Since the Supreme Court decided Alice Corp. v. CLS Bank International in 2014, companies have had a difficult time patenting software and business methods. I am not a patent lawyer and this is not a patent blog. But a recent Federal Circuit case shows how companies with this type of IP may want to look to trade-secret laws for protection.
Last week, the Federal Circuit decided SAP America, Inc. v. InvestPic, LLC (a pdf of the opinion can be downloaded here). In this case, a judge in the Northern District of Texas granted judgment on the pleadings in favor of SAP, which filed a declaratory-judgment action seeking to invalidate InvestPic’s patent. The Federal Circuit affirmed.

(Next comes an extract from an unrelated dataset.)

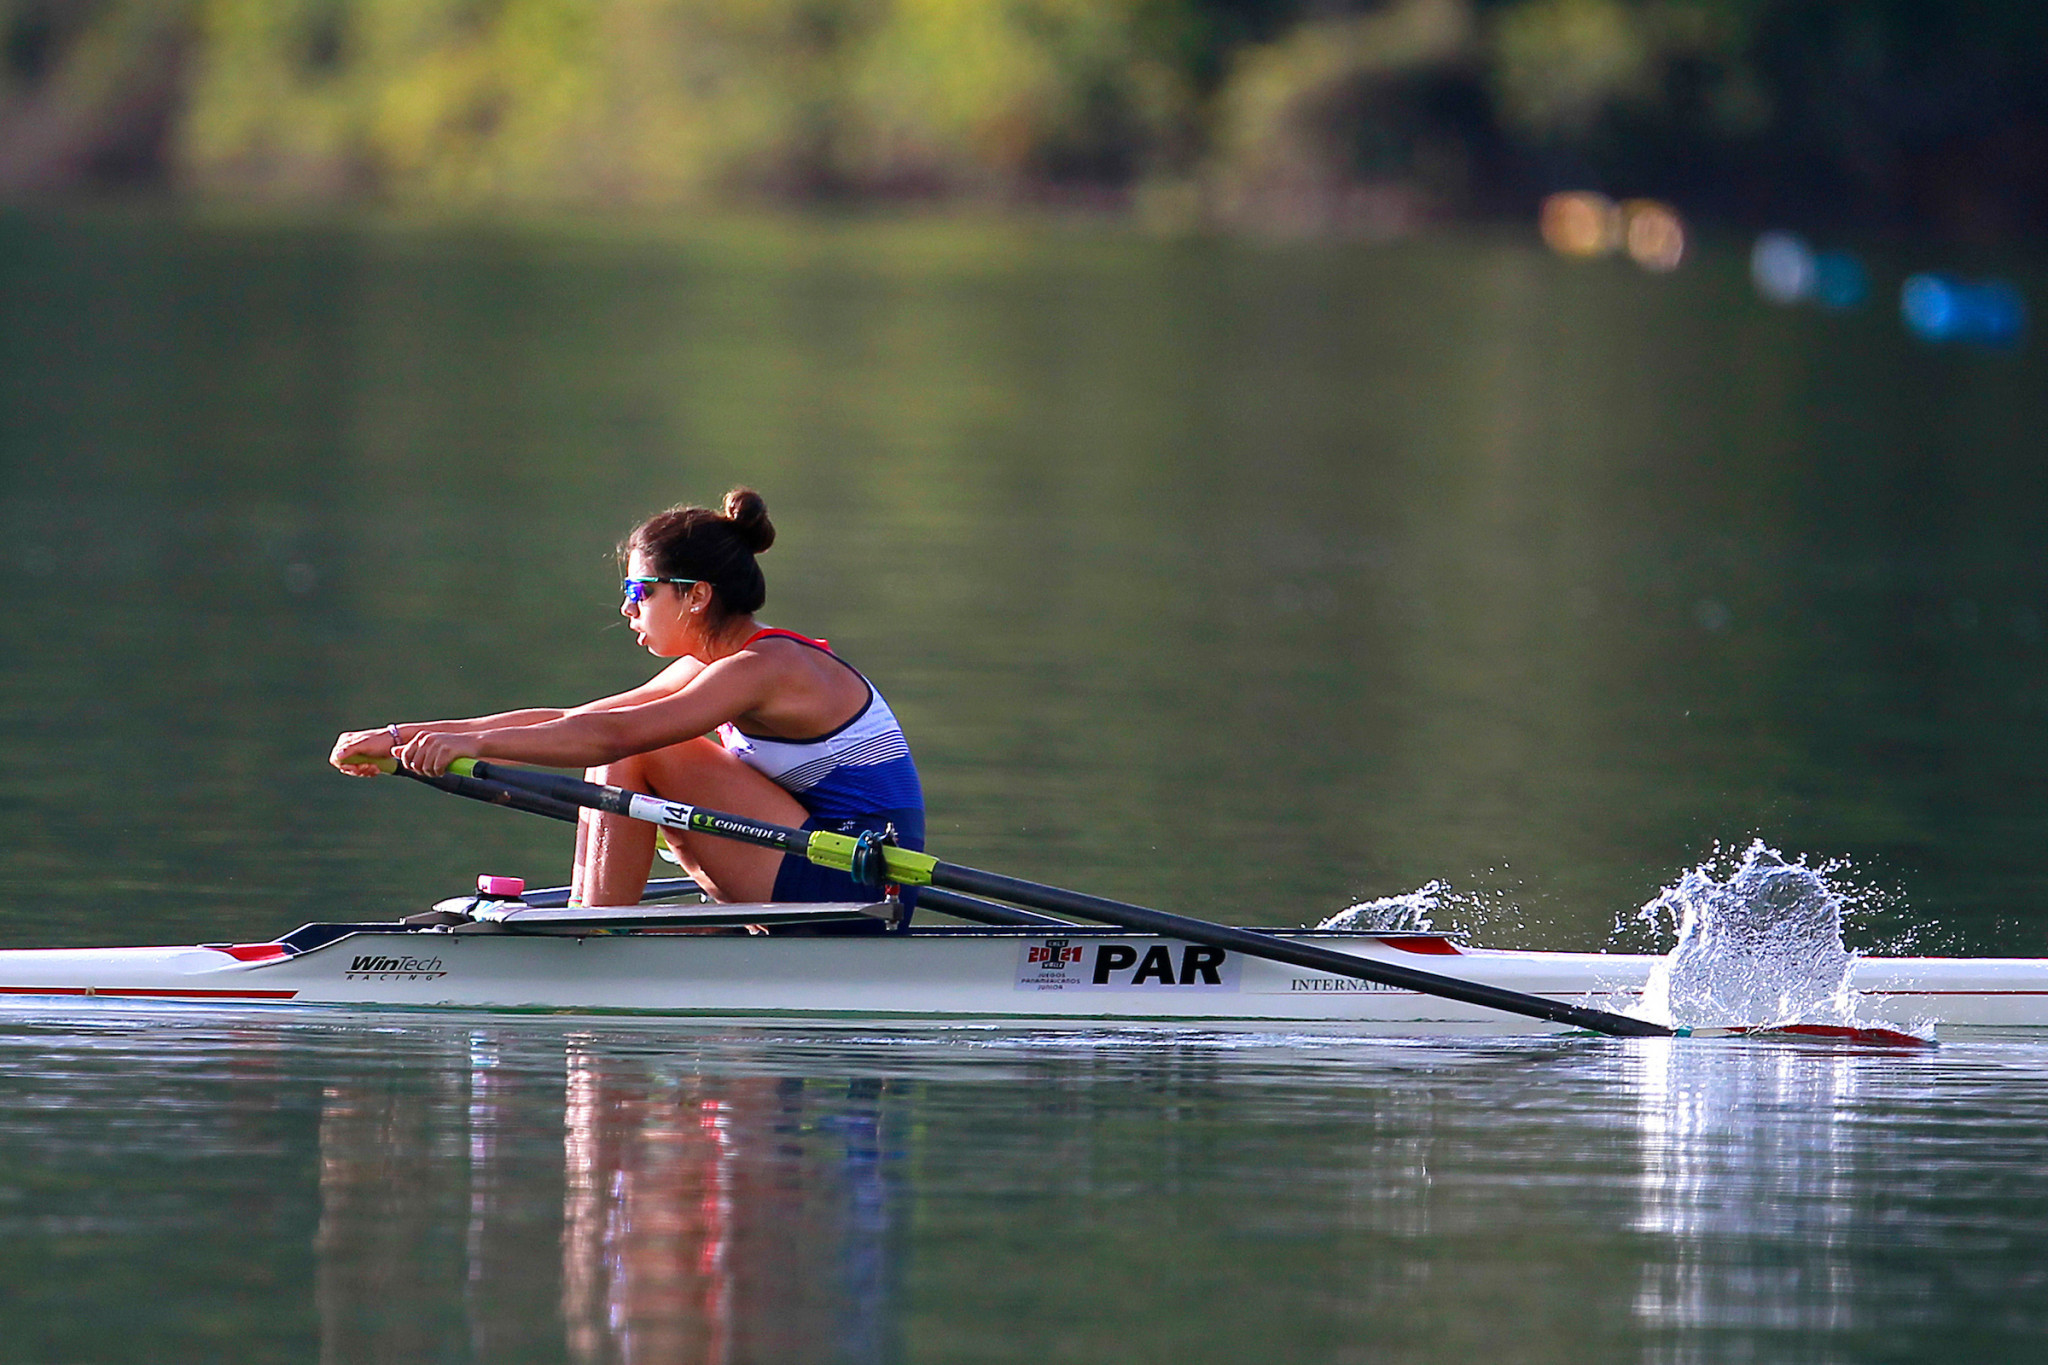 Nicole Martine of Paraguay powered to victory in the women's single sculls rowing event in 7min 43.43sec ©Agencia.Xpress Media

InvestPic’s patent involved a technique that “utilizes resampled statistical methods for the analysis of financial data[.]” InvestPic claims this is superior to typical financial-market forecast methods that rely on the flawed assumption that “financial data follows a normal or Gaussian distribution.” (This reminds me of The Black Swan’s chapter on “The Bell Curve, That Great Intellectual Fraud.”)
Citing Alice, the Federal Circuit invalidated InvestPic’s patent, finding that it was directed to an abstract idea and did not contain an innovative concept. This is not an uncommon post-Alice result. But at the end of its opinion, the Federal Circuit made a comment that caught my attention:
There is, in short, nothing “inventive” about any claim details, individually or in combination, that are not themselves in the realm of abstract ideas. . . . [P]atent law does not protect such claims, without more, no matter how groundbreaking the advance. An innovator who makes such an advance lacks patent protection for the advance itself. If any such protection is to be found, the innovator must look outside patent law in search of it, such as in the law of trade secrets, whose core requirement is that the idea be kept secret from the public.
Given the current state of patent law, many companies face a dilemma when trying to monetize potentially abstract ideas: make the disclosures necessary to seek a patent and risk having the patent rejected or invalidated, or adopt a business model that allows for trade-secret protection. This is a complicated analysis that involves many business and legal factors.
As the Federal Circuit noted, trade secrets cannot be publicly disclosed, and they must be reasonably protected. Business models can incorporate these restrictions. For example, it may be possible for a company to license its technology and include confidentiality obligations in the licensing agreement. Companies facing this choice need to involve trade-secret lawyers in strategy discussions and decisions.